Personal information
- Born: 23 December 1998 (age 27) Nice, France
- Home town: Monaco
- Height: 1.74 m (5 ft 8+1⁄2 in)

Figure skating career
- Country: Monaco
- Discipline: Men's singles
- Coach: Michael Huth Nicole Schott
- Skating club: Skating Club of Monaco
- Began skating: 2008

Medal record
Monaco Championships
| Gold medal – first place | 2018 | Singles |
| Gold medal – first place | 2019 | Singles |

= Davide Lewton Brain =

Monégasque figure skater (born 1998)

Davide Lewton Brain (born 23 December 1998) is a Monégasque figure skater who competes in men's singles. He is a multiple-time Monégasque national champion and has represented Monaco at the European and World Figure Skating Championships. He was the first alternate for the men's singles event at the 2026 Winter Olympic Games.

In 2024, Lewton Brain became the first Monégasque figure skater to qualify for the World Championships.

== Personal life ==
Lewton Brain was born on 23 December 1998 in Nice, France, and was raised in Monaco until the age of 15. He studied marketing at INSEEC Business School, earning a master's degree in 2022.

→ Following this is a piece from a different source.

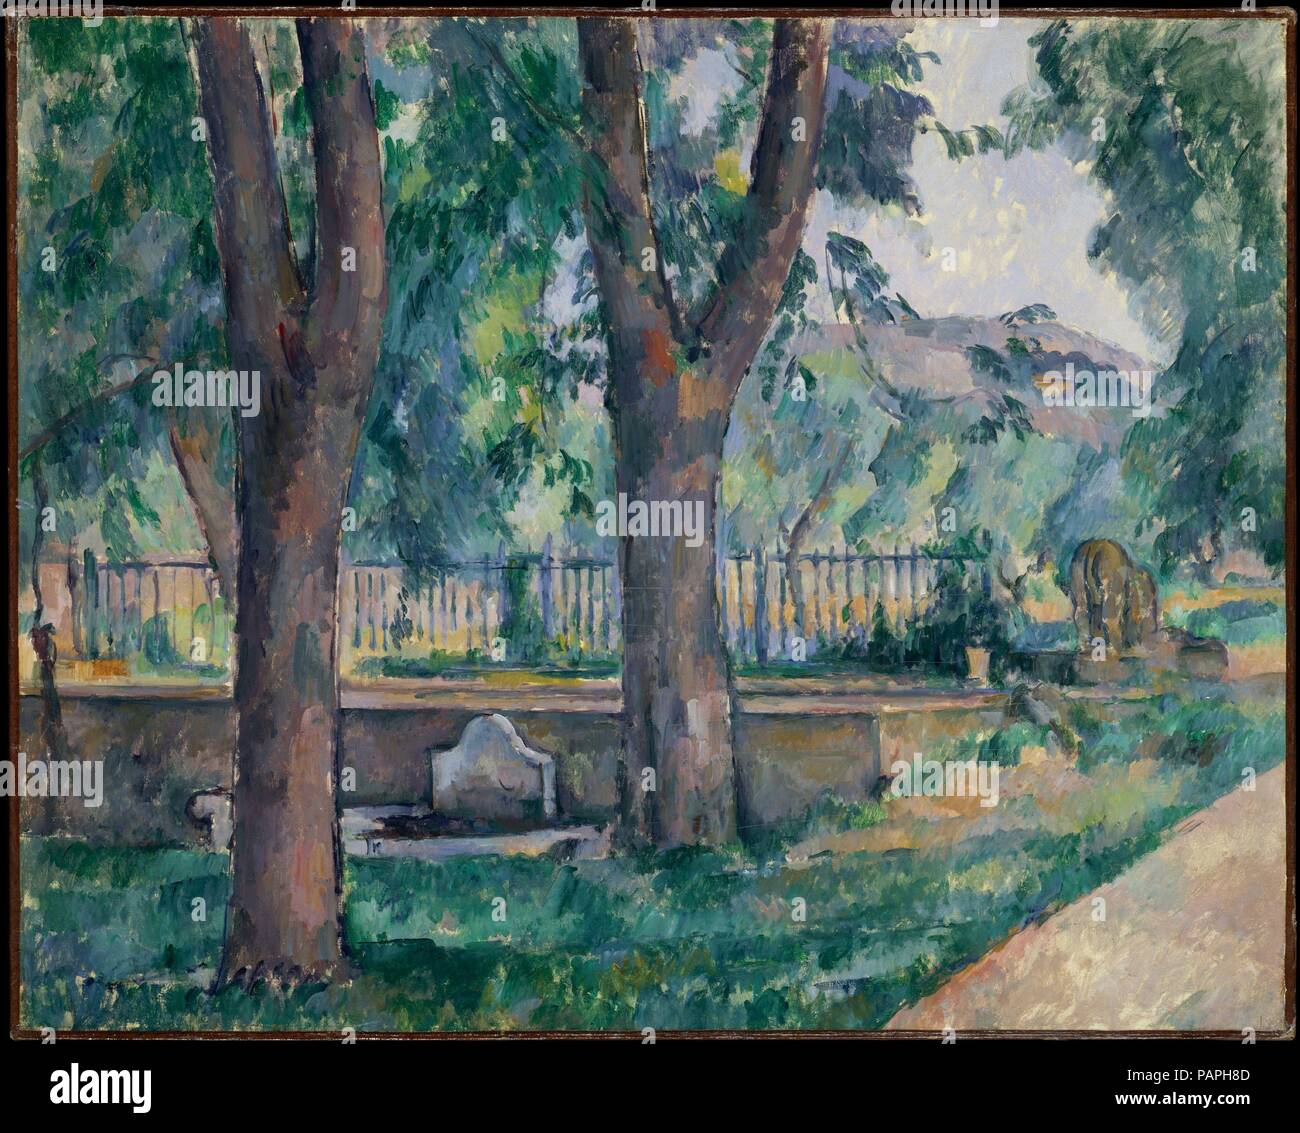 La piscina a Jas de Bouffan. Artista: Paul Cézanne (francese, Aix-en-Provence 1839-1906 Aix-en-Provence). Dimensioni: 25 1/2 x 31 7/8 in. (64,8 x 81 cm). Data: ca. 1885-86. Cézanne è affetto per la sua famiglia la station wagon, Jas de Bouffan, vicino a Aix, si riflette in molti punti di vista da lui dipinta della proprietà oltre un quarto di secolo. Egli ha illustrato la strada in basso a destra in questa composizione diverse volte nel mid-1880s. Costeggiato da alberi di castagno, è portato dal retro di un diciottesimo secolo la casa di giardini paesaggistici. Vicino alla stazione ferroviaria dividendo le zone era una piscina per la raccolta di acqua ed un lavaggio t Foto Stock

His father, Peter Lewton-Brain, danced professionally with the National Ballet of Portugal and Les Ballets de Monte-Carlo before becoming an osteopath specializing in movement sciences and earning a PhD focused on performance health and rehabilitation for dancers. His mother, Paola Cantalupo, trained at the Teatro alla Scala in Milan and became a principal dancer (Étoile) with Les Ballets de Monte-Carlo, performing leading roles in both classical and contemporary repertoires. After retiring from the stage, she was appointed Artistic and Pedagogical Director of the École Supérieure de Danse de Cannes Rosella Hightower.

== Career ==
=== Early career ===
Lewton Brain began skating in 2008 at the age of nine. Initially attracted to playing hockey, he decided to switch to figure skating after watching videos of Philippe Candeloro competing. At the age of fifteen, Lewton Brain moved from his hometown of Monaco to Annecy to be coached by Didier Lucine, Claudie Lucine, and Sophie Golaz. He has always competed internationally for Monaco.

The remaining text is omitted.